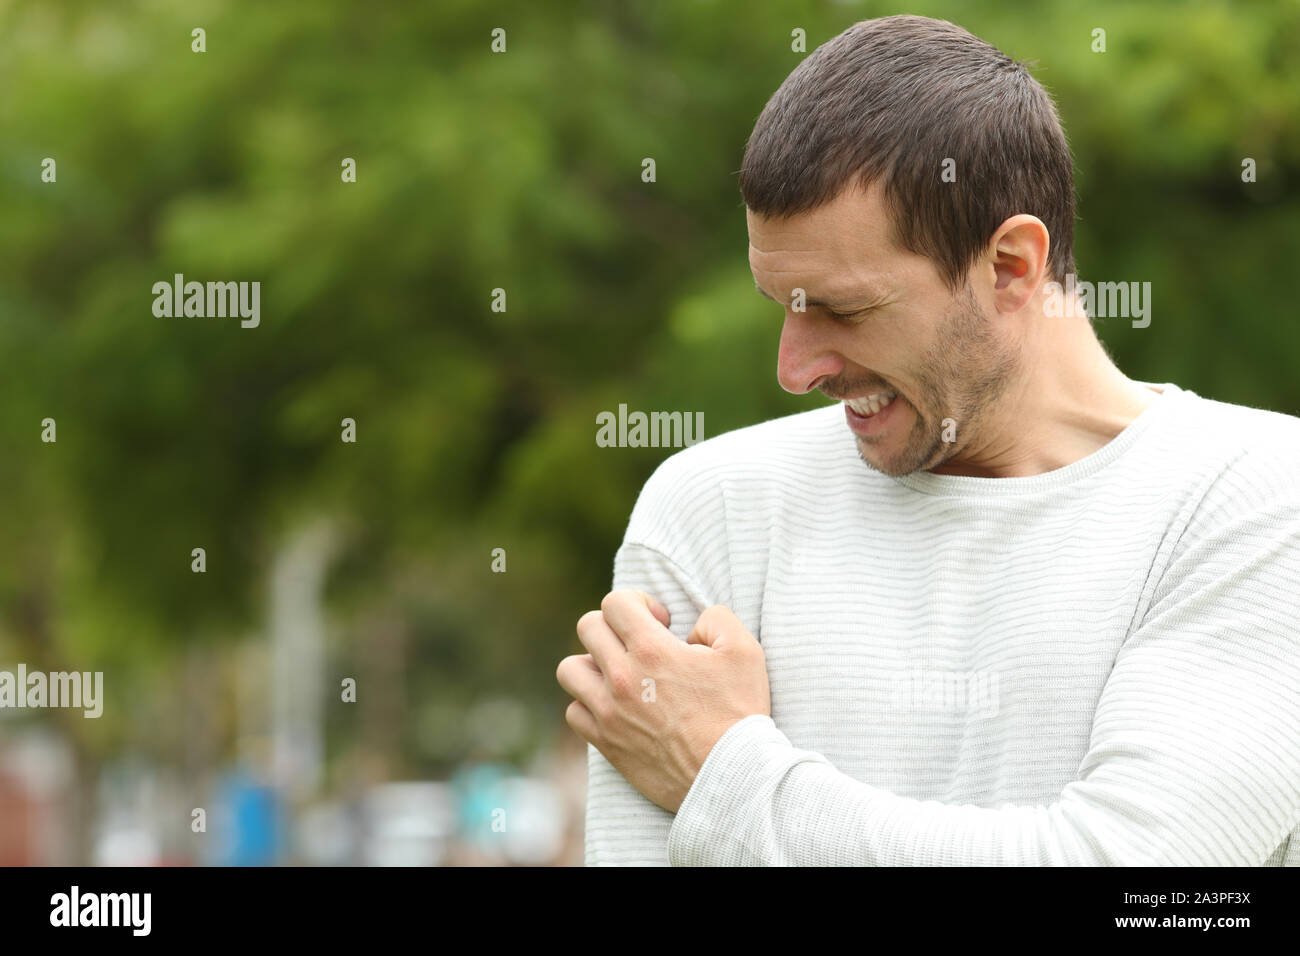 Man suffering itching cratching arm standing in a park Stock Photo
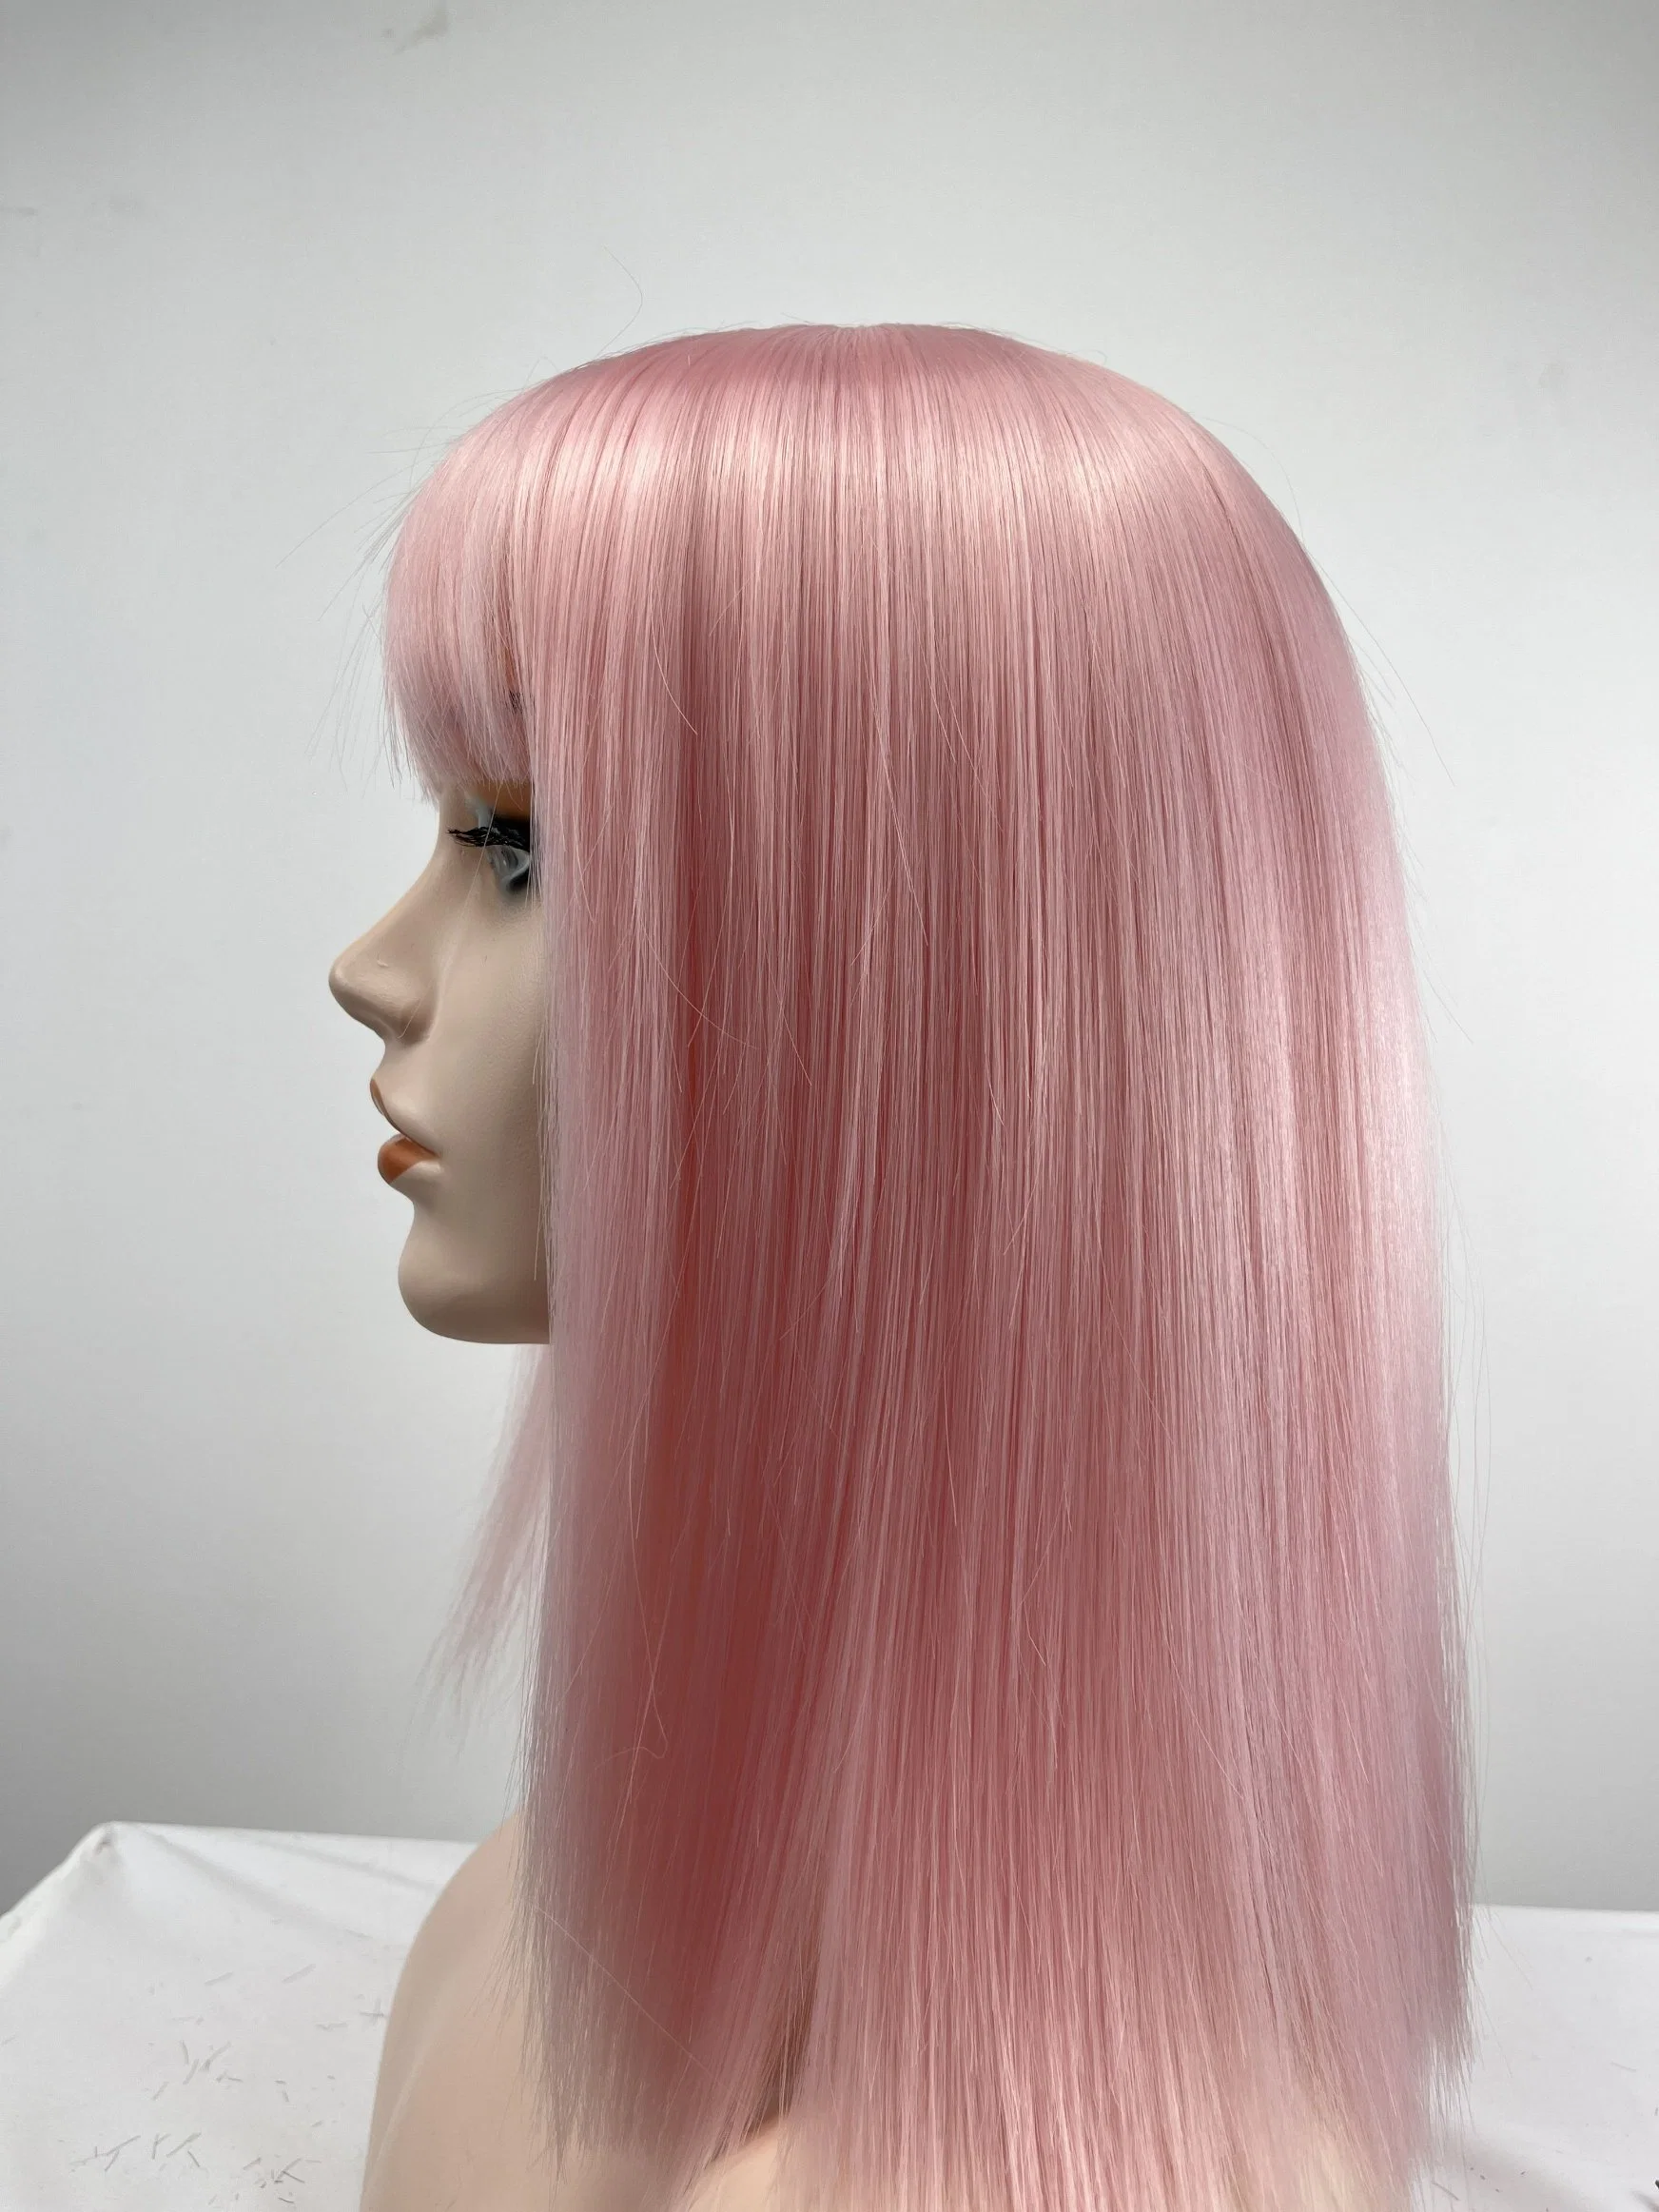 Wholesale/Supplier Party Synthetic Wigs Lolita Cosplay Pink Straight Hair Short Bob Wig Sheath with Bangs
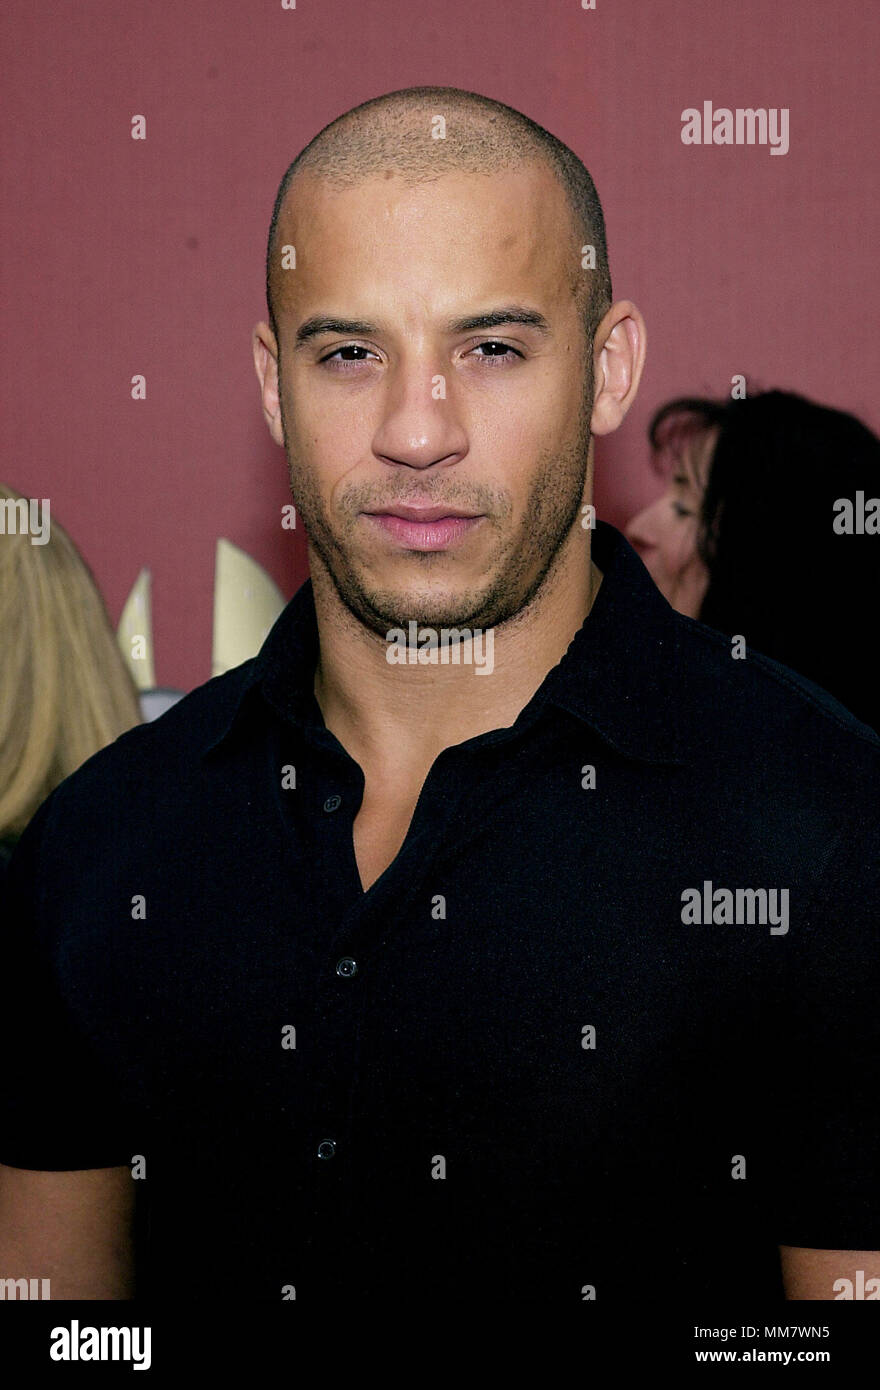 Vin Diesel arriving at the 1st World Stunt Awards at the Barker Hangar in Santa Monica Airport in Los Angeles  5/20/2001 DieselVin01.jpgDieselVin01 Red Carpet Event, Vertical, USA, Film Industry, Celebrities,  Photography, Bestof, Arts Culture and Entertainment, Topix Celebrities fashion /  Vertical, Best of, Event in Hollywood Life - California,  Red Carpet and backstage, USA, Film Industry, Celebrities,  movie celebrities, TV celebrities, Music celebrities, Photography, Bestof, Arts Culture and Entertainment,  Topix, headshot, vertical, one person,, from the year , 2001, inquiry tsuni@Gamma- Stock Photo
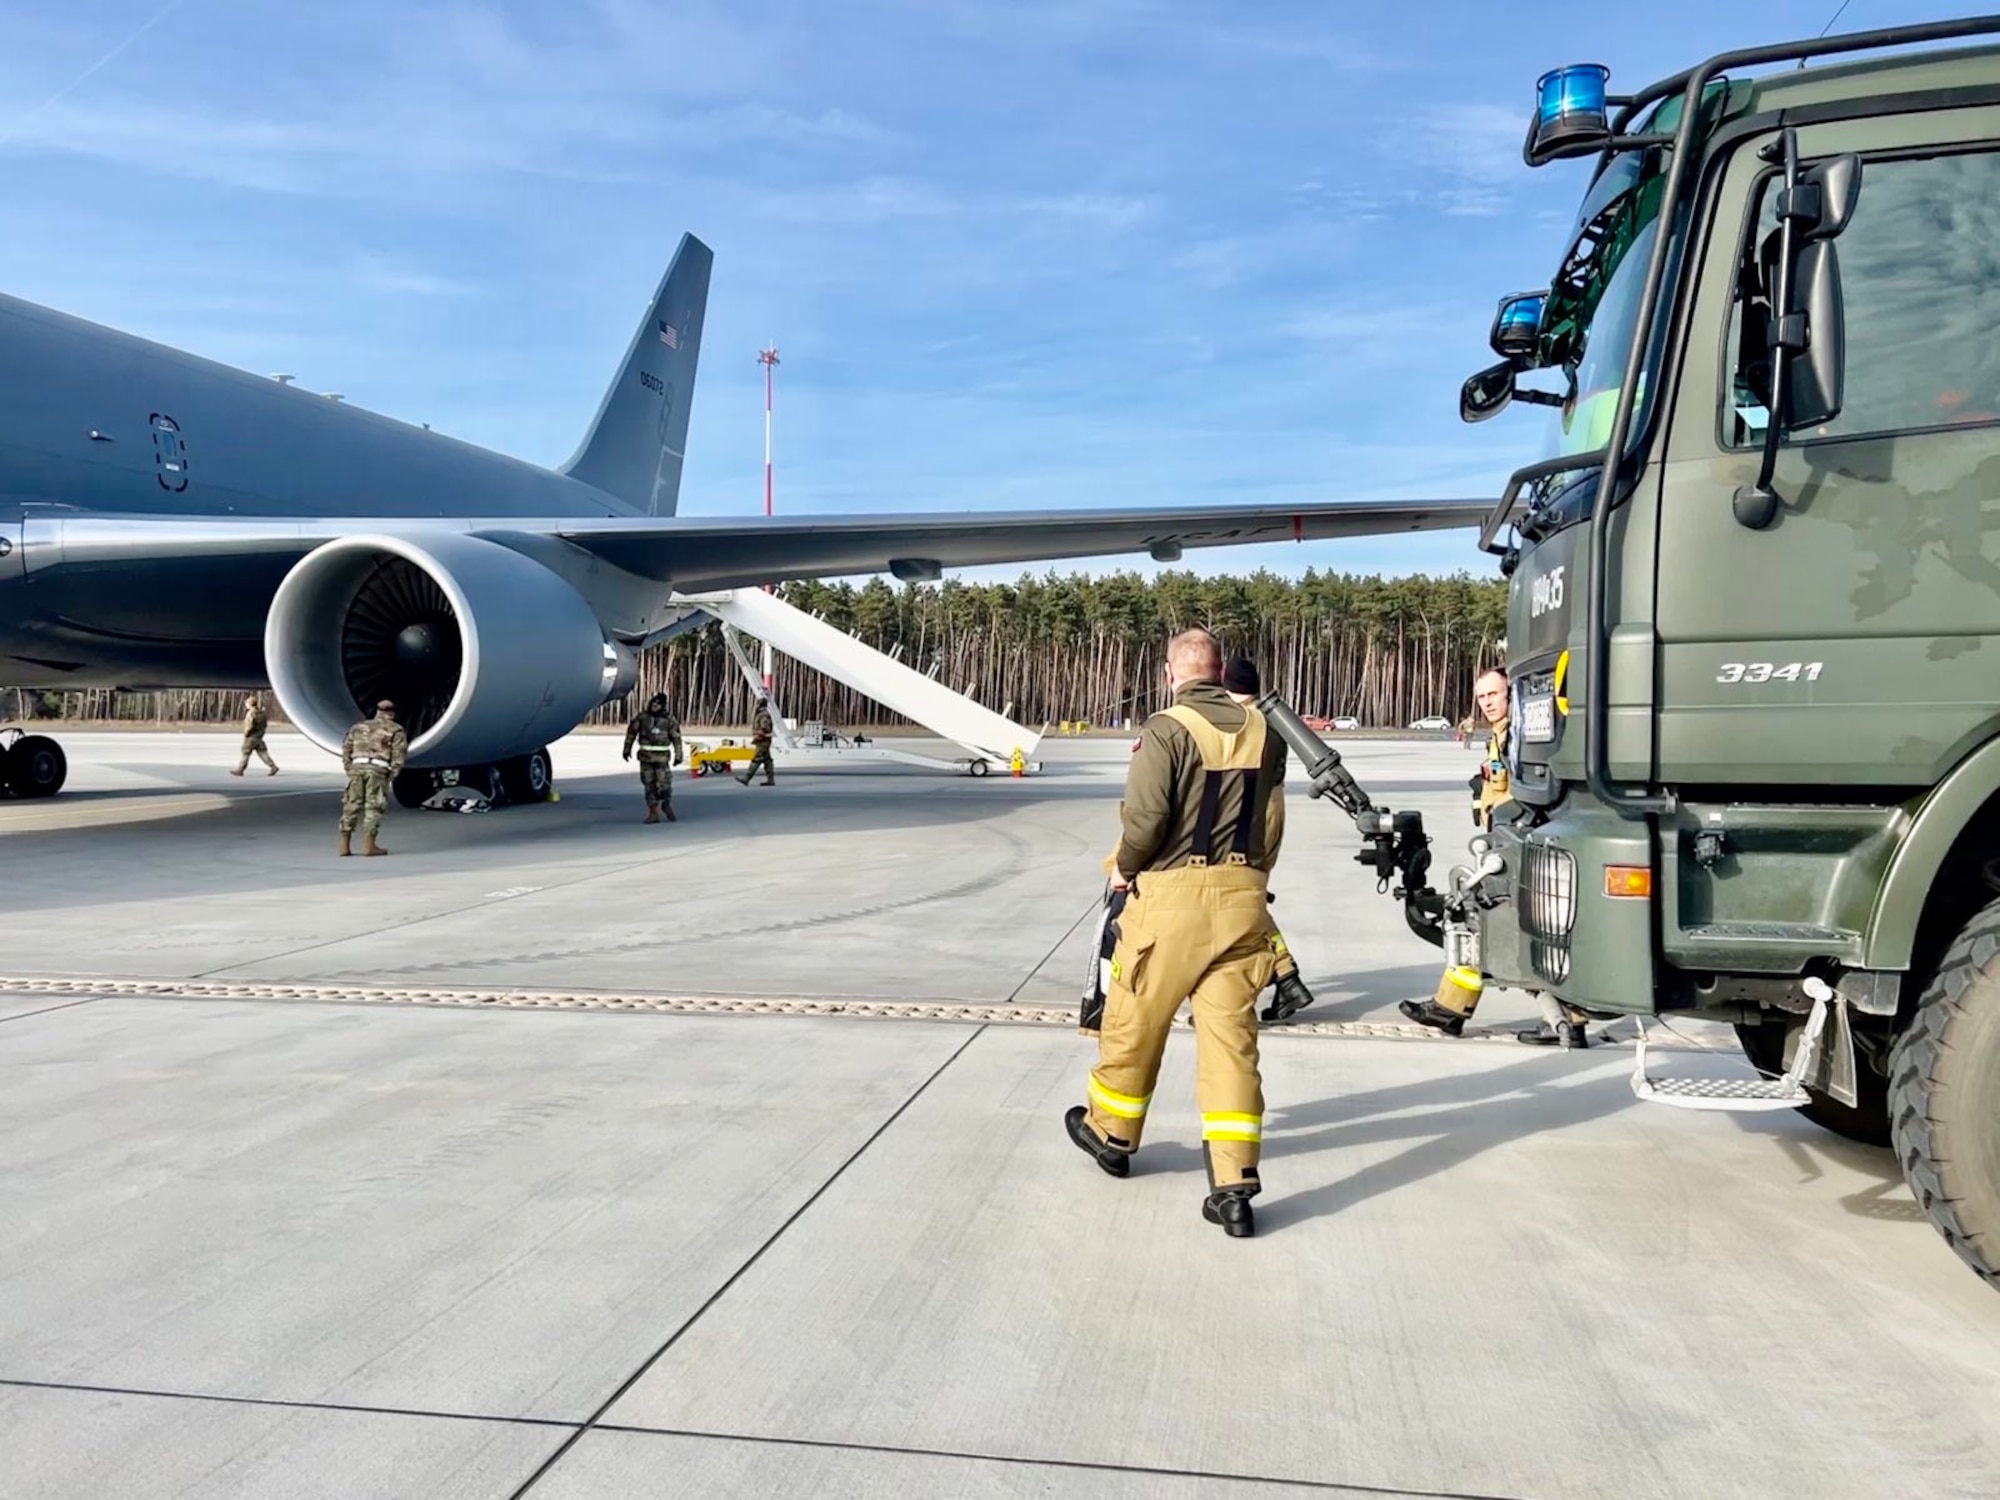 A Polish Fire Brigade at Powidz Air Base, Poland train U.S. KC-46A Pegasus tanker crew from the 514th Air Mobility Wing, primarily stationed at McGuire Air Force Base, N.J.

= = = = =

### How to complete this task
Give the data above again, exactly, with every picture removed.

### Reply to the exercise
 Man suffering itching cratching arm standing in a park Stock Photo
 Wholesale/Supplier Party Synthetic Wigs Lolita Cosplay Pink Straight Hair Short Bob Wig Sheath with Bangs
 Vin Diesel arriving at the 1st World Stunt Awards at the Barker Hangar in Santa Monica Airport in Los Angeles  5/20/2001 DieselVin01.jpgDieselVin01 Red Carpet Event, Vertical, USA, Film Industry, Celebrities,  Photography, Bestof, Arts Culture and Entertainment, Topix Celebrities fashion /  Vertical, Best of, Event in Hollywood Life - California,  Red Carpet and backstage, USA, Film Industry, Celebrities,  movie celebrities, TV celebrities, Music celebrities, Photography, Bestof, Arts Culture and Entertainment,  Topix, headshot, vertical, one person,, from the year , 2001, inquiry tsuni@Gamma- Stock Photo
 A Polish Fire Brigade at Powidz Air Base, Poland train U.S. KC-46A Pegasus tanker crew from the 514th Air Mobility Wing, primarily stationed at McGuire Air Force Base, N.J.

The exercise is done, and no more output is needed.